Leaders must help employees find within themselves the vision to lead others
In our last column, the focus was on setting standards as highlighted in Truth No. 4 in 10 Truths About Leadership…..It’s Not Just About Winning: “Rules are for the Weak, Uncompromised Standards of Excellence are for the Strong.” I closed by asking the question, does everyone in your organizations have a clear understanding of their responsibilities, and are the standards of excellence clear to everyone?
The follow-up question is who is responsible for communicating these expectations and who owns them?
It’s a very challenging question and I’m convinced far too often both misunderstood and misapplied. We confronted this obstacle in our 13-year journey and labeled it “Management Driven Standards.” Until we transferred creation of the standards to those who have direct influence on the results, we continued to experience one of the many fall-outs of any top-down driven management style, the “I say, you do” approach to expectations. Whenever that flawed notion is applied, be it in a corporation, a volunteer organization or an athletic team it almost always guarantees organizational failure.

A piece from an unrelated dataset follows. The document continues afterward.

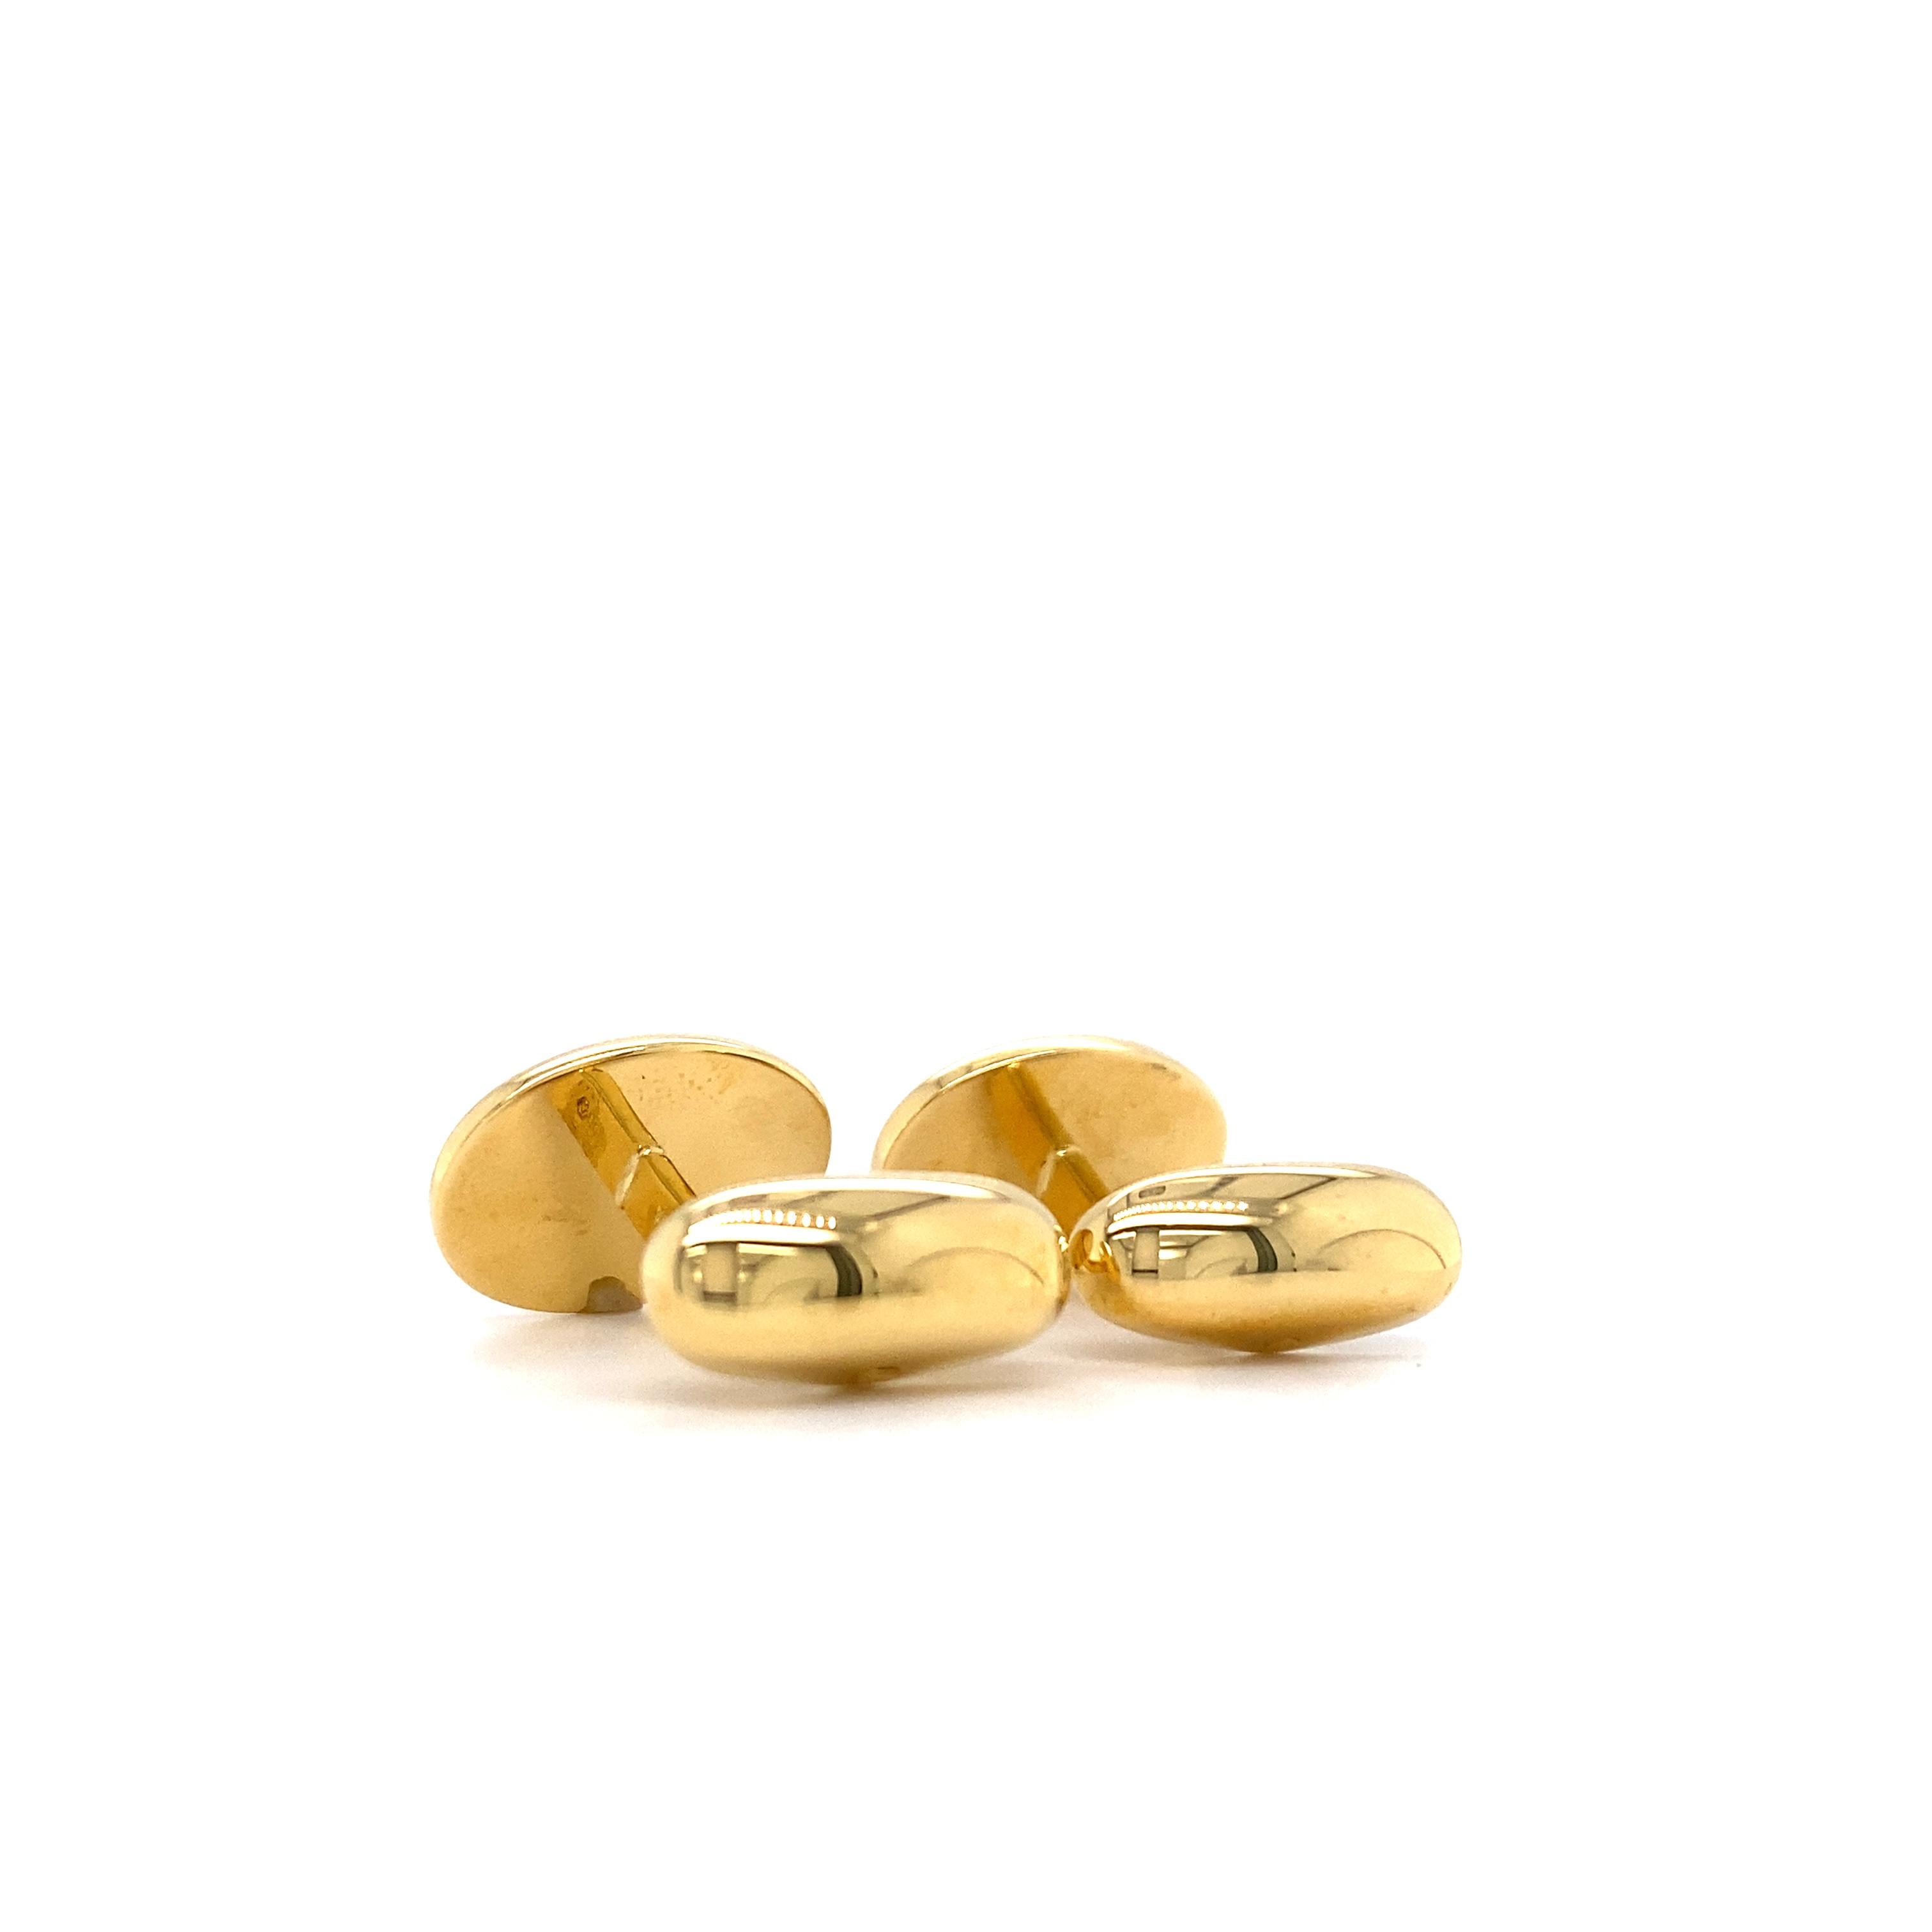 Cabochon Oval Cufflinks - 18k Yellow Gold - White Mother of Pearl Inlays - 12.2 x 16.5 mm For Sale

It’s further complicated by a bigger issue at the top of every organization: Greed.
The obsession with winning has permeated organizations from youth sports to Fortune top 100 companies. CEO’s and politicians are going to prison, professional athletes are more juiced than Florida and youth sports coaches and parents have twisted Vince Lombardi’s pep talks into an impossible standard for young people. This then begs the question: How do we avoid the trap of compromising our core values when pursuing “winning?” The answer resides in the behavior driven model, “The Leadership Pledge” and Truth No. 5, “Organizations will experience meaningful success when employees establish their own standards of performance.”
Until we displace the belief that leadership is restricted to a privileged few, we can’t get there. Everyone in the organization needs to believe that leadership is our most basic birthright. Leadership belongs to each of us. Therefore your organization will continue to struggle to achieve long term sustainable results until everyone is serious about creating an environment where winning and employees feeling valued, respected and part of something special are mutually inclusive.
How do we get there? The short answer to this very difficult challenge is ownership. If people own their area of responsibility and perform as if they have some skin in the game, they will approach constructing and completing their standards of excellence much differently. These standards now become their goal, their objective, their opportunity and ultimately their victory.
What appears to be difficult and certainly not mainstream is quite simple. First, you must accept my belief that leadership belongs to all of us. The essence of leadership is about making responsible choices.
Then the issue becomes how do we communicate this sense of ownership (leadership) within the organization? What role do we as leaders play in creating an environment where employees take responsibility for success and failure, not only for their respective work groups, but more importantly for themselves and each other?
Leaders need to act more like a teacher than a boss. They have to help employees confront difficult questions, issues and challenges as they seek the right answers. By focusing on behavior, leaders create an environment in which candidness, courage and caring about the company become every employee’s responsibility.
How do we do that? As leaders we must help our employees find within themselves the courage and clarity to lead others. This is central to organizational success.
This is where the magic begins. Great leaders create leaders, not followers. As we communicate our expectations of others, we influence their expectations of themselves. When we expect our employees to act and behave as leaders, they fulfill these expectations.
How powerful is peer to peer influence? I’ve had the opportunity to work with a number of college athletes, and in particular, captains of varsity athletic teams. I’m constantly reminding them that the “C” on their chest does not stand for “Captain,” but rather “Courage” and that they have significant influence on their peers, more than anyone else, including their coaches, if and when they fully commit to a leadership role.
When we create an environment that encourages employees to find within themselves the courage to lead others, then and only then, will they understand that by shaping the destiny of the organization by taking ownership, they will in turn establish their own standards of performance.
You see, top performance belongs to everyone.